Abstract
Purpose :
Dopaminergic amacrine cells (DACs) synthesize dopamine in the retina and influence light adaptation, photoreceptor coupling, and the retinal clock modulation. These neurons develop embryonically and undergo synaptic refinement during the first postnatal week. However, little is known about the drivers of DAC differentiation and lamination.
Methods :
We tested the potential role of the serine/threonine kinase LKB1 as a regulator of DAC development using retina-specific Cre drivers. With littermate controls, we compared the number and lamination of dopaminergic amacrine cells at neonatal time points. We visualized changes in synaptic organization and cell number of DACs and non-dopaminergic amacrine cell subtypes using cell-specific antibodies in retinal cross-sections and whole mounts.
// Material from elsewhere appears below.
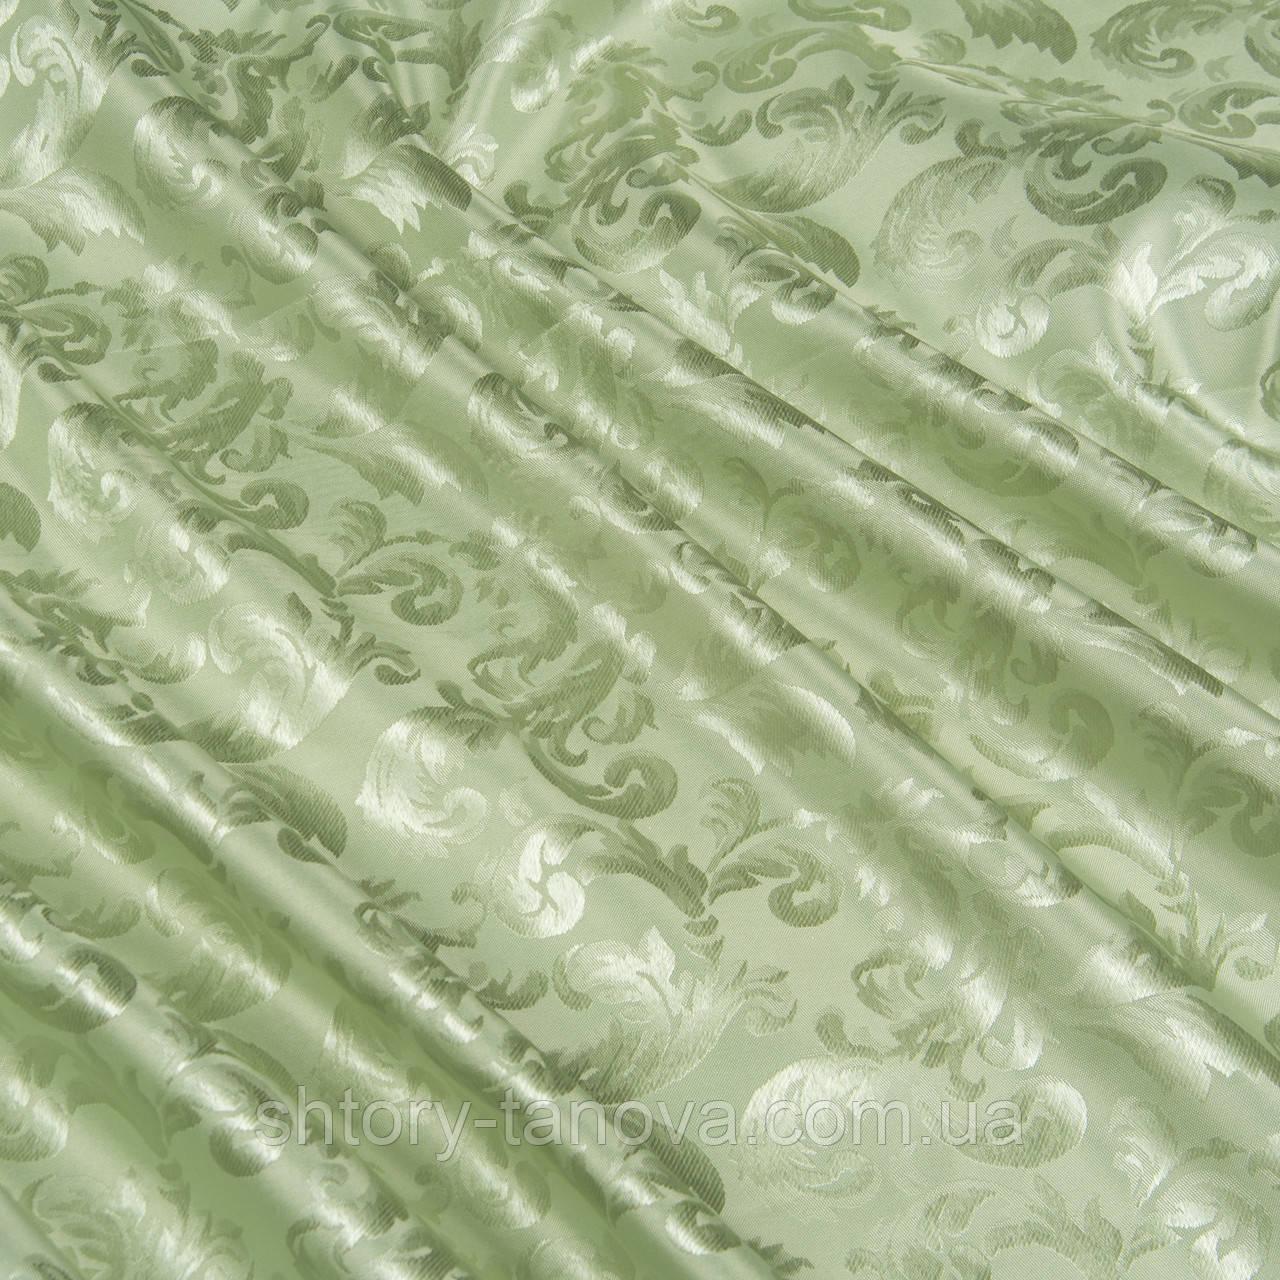 Жаккард алан вязь св. зеленый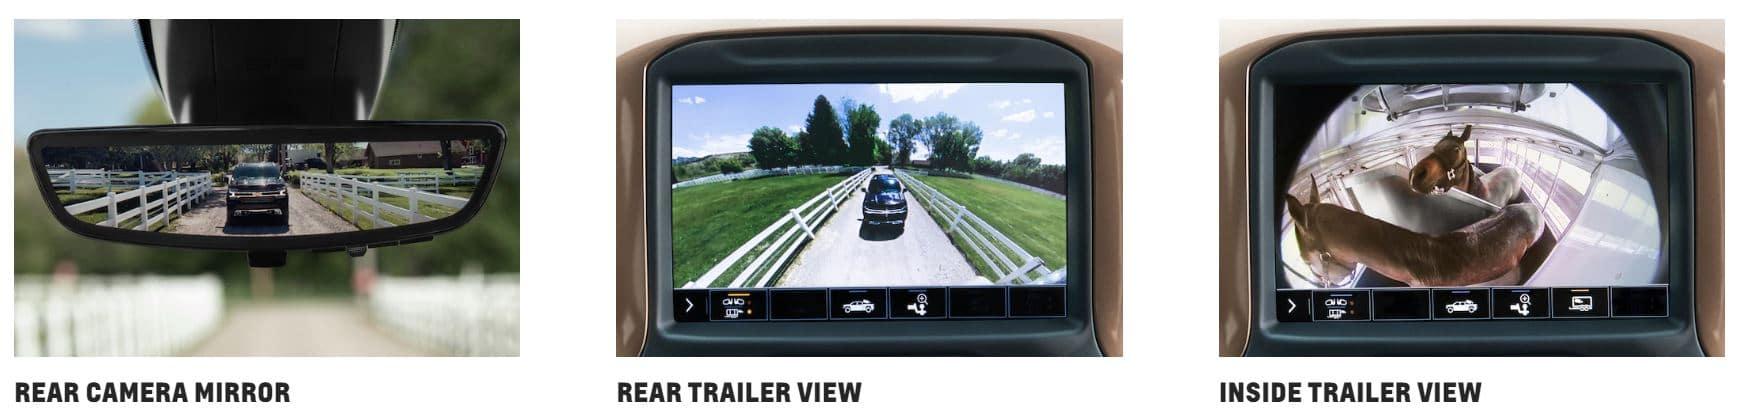 Chevrolet Silverado three camera views

Additionally, we characterized associated vasculature defects within the retina.
Results :
LKB1 loss leads to a doubling of DACs and simultaneous ectopic neurite stratification towards the outer layers of the retina, resulting in DAC neurites positioned within the photoreceptor layer. In parallel, we observed that LKB1-deficient DAC doubled in number, which persisted in adulthood. In contrast, the numbers and laminations of other amacrine cell subtypes (cholinergic and GABA-ergic subtypes) were not changed. Retinal vasculature changes accompanied alterations in DAC, resulting in dramatic rearrangement to the vascular layers and reduced vascular complexity.
Conclusions :
Our results indicate that the crucial metabolic regulator, LKB1, is involved in cellular development and specifically required for laminar specificity of DAC. Since the phenotypes persist through adulthood, we hypothesize that LKB1 plays a role in both development and maintenance of dopaminergic amacrine cells, by governing the interplay between vasculature formation and DAC maturation.
This abstract was presented at the 2019 ARVO Annual Meeting, held in Vancouver, Canada, April 28 - May 2, 2019.